FFWD Weekly
Copyright © 1997. All Rights Reserved.



Leaping from the ivory tower
Prof takes a break from the academy to turn classic anti-hero upside down
By Lori Montgomery

The Philanthropist
by Christopher Hampton, starring Brian Smith
Theatre Junction
March 19 ­ April 5

In one incarnation, Brian Smith is the head of the drama department at the University of Calgary, making the tough decisions and leading the department through difficult times. In his other life, though, he treads the boards alongside his students as an actor in Theatre Junction's The Philanthropist.

"For me, this is performance research, but I have to rehearse at night," Smith says during a break in rehearsal. "During this rehearsal period, it's like working two jobs, but I believe it's important for us in the university to remain connected as much as we can with the profession... we can't afford to escape into a cocoon."

You might think that the young people who normally populate the stage at Theatre Junction, many of them former students of Smith's, might feel a bit intimidated by sharing the stage with their teacher. Not so, says the soft-spoken Smith.

"It feels a bit like family," he says. "Mark (Lawes, TJ artistic director) was a student of mine when I first came here 10 years ago." Smith says that he enjoys the switch from teacher to colleague. "The tables are turned and you are put in the position of having the opportunity to learn from people you once taught."

He laughs at the idea that the young people might be intimidated by him.

"In fact, if anyone feels intimidated, probably I do," he says, "because I don't get to act that often, and each time I do, I have to re-polish my instrument - it's a big challenge for me."

Dragged away from his lunch to give this interview, Smith downs a drinkin' box of juice as he reflects on the play itself, inspired by Molière's The Misanthrope.
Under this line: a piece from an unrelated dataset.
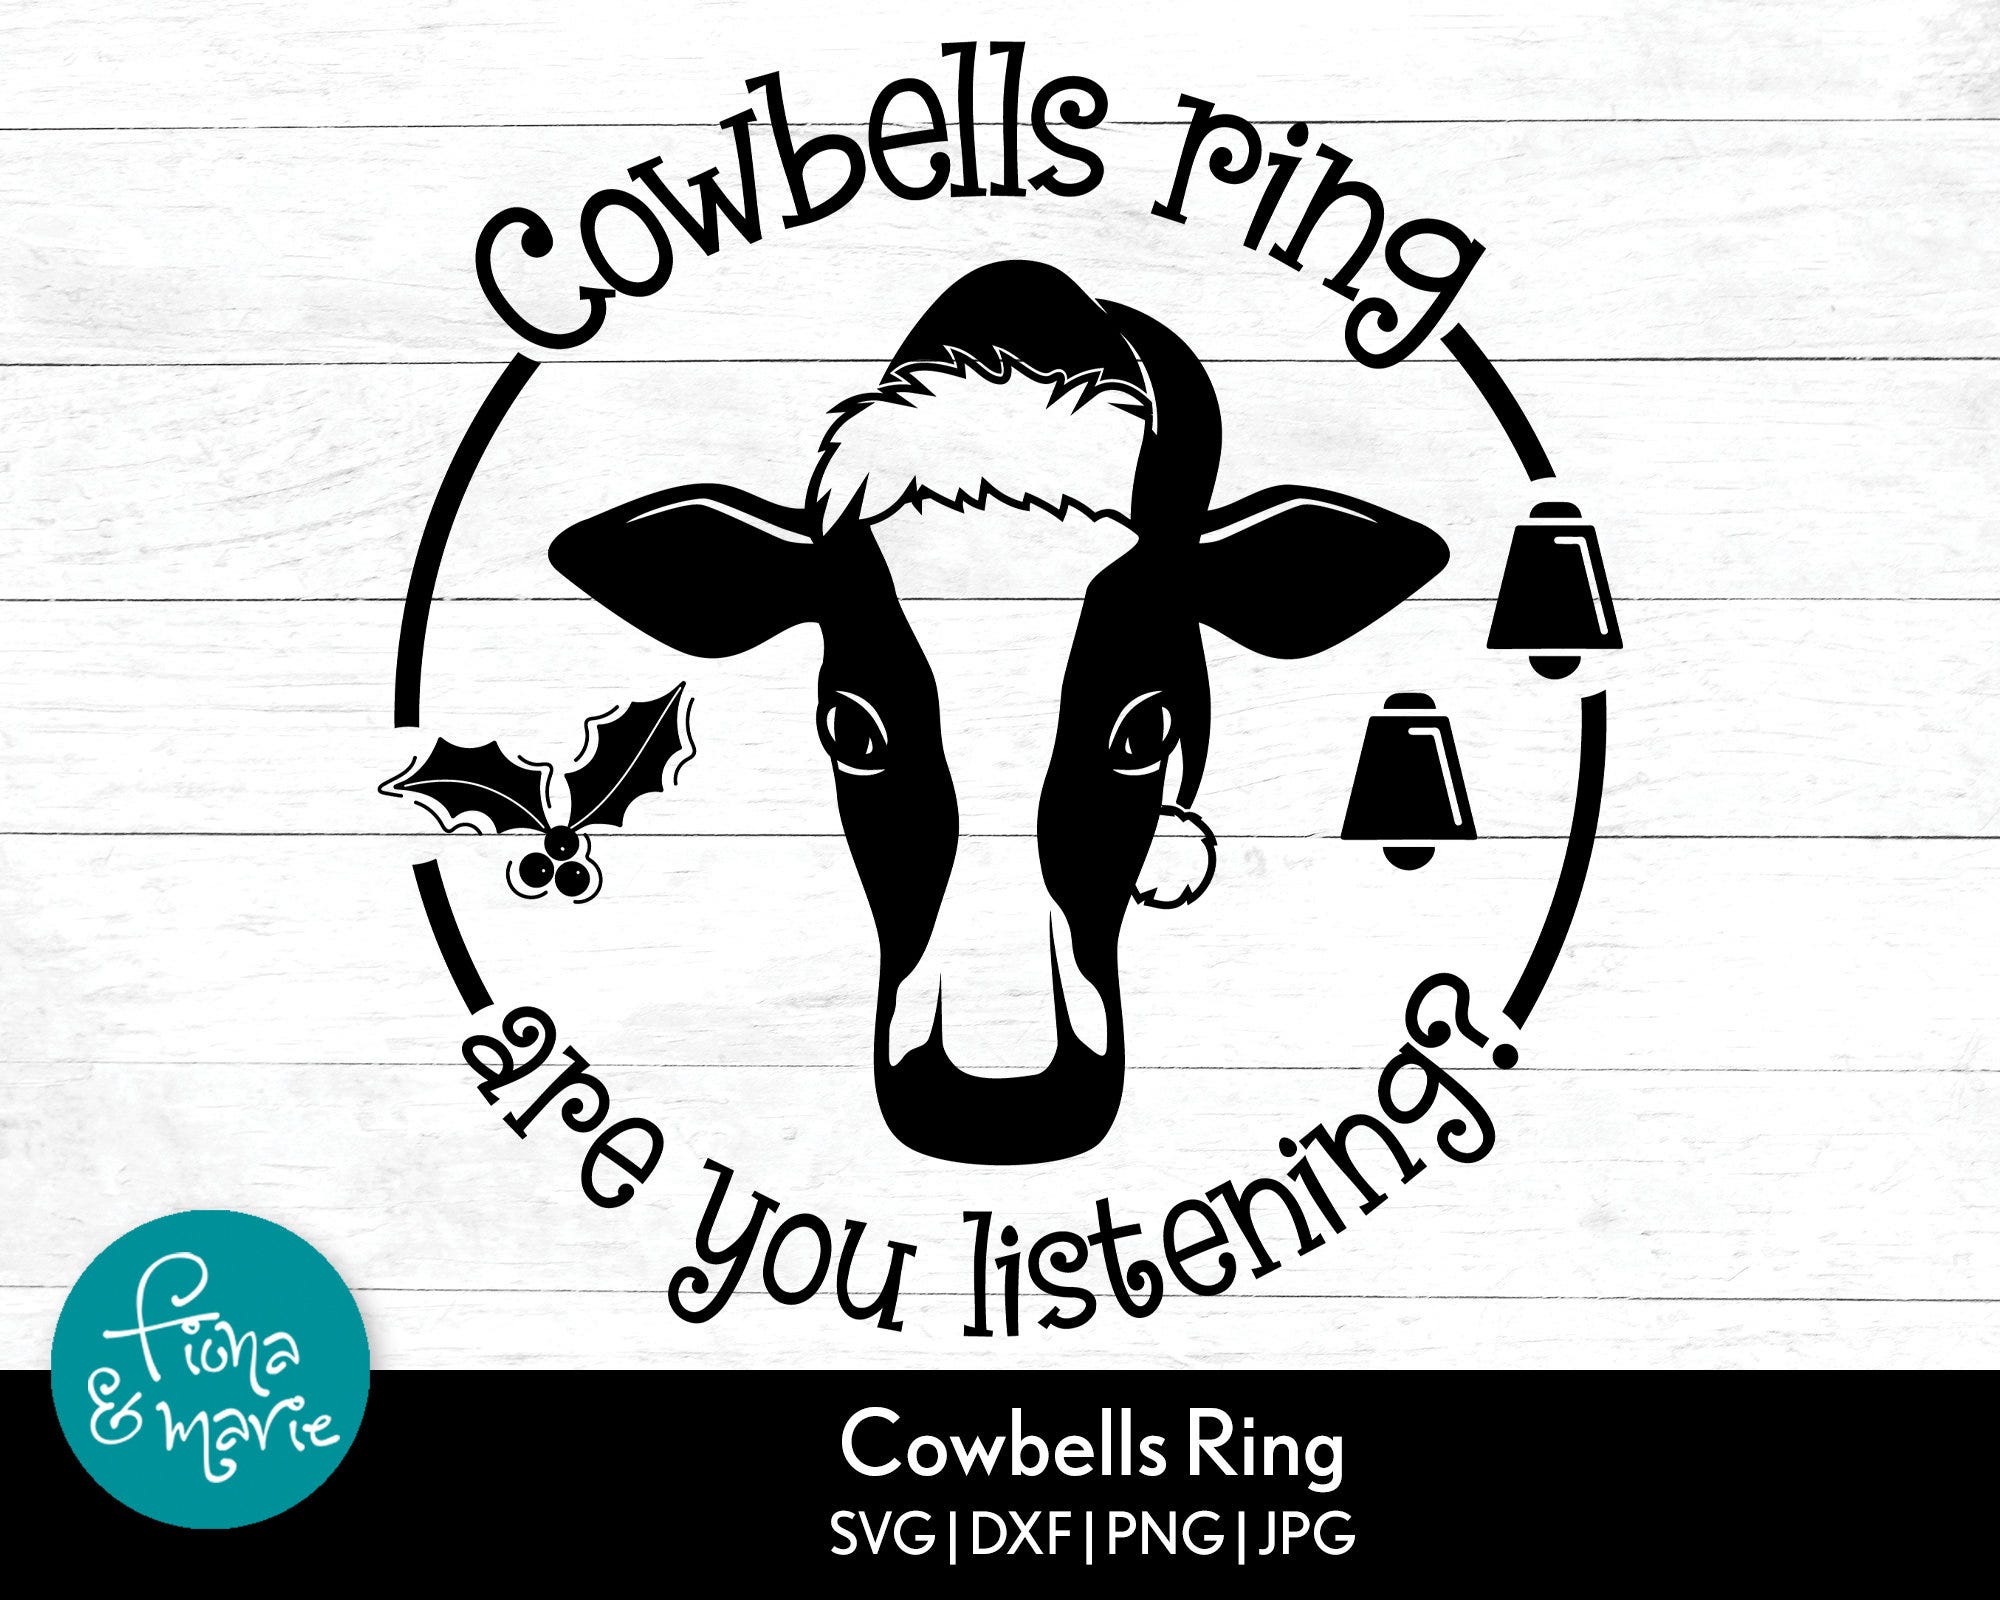 Cowbells ring are you listening svg | Cow Christmas svg | Farm Life | svg | png | jpg | dxf  | Cut File  | Digital Download

In place of Alceste, to whom "all men are odious," Smith plays Phillip, an intellectual who loves all mankind uncritically. As Molière says, though, "preference must be based on esteem, and to esteem everyone is to esteem no one." Phillip espouses every cause and is unable to commit to any one.

"What we discover in the play is that inside (Phillip), maybe there's a misanthrope that begins to work its way out a little bit," Smith says. "Phillip plays out philanthropy to a sort of ridiculous degree."

Like Molière, though less harshly critical, playwright Christopher Hampton allows his characters to stand in for larger societal types.

"Hampton seems to have wanted to connect the uncertainty of the characters in the play with a more general political uncertainty," Smith says, "and to connect some of the cynicism that some of the characters mutter with a more general cynicism and skepticism in the political world."

Philanthropy is a kind of mask that Phillip wears, Smith says, a "life lie" that doesn't help him or anyone else in his life. Eventually, Phillip begins to realize this.

"And so, in the end, his dilemma about how to live and who to live with hasn't been resolved completely," Smith explains, "but perhaps in the end you see him taking the first step along a path that will be a more truthful one."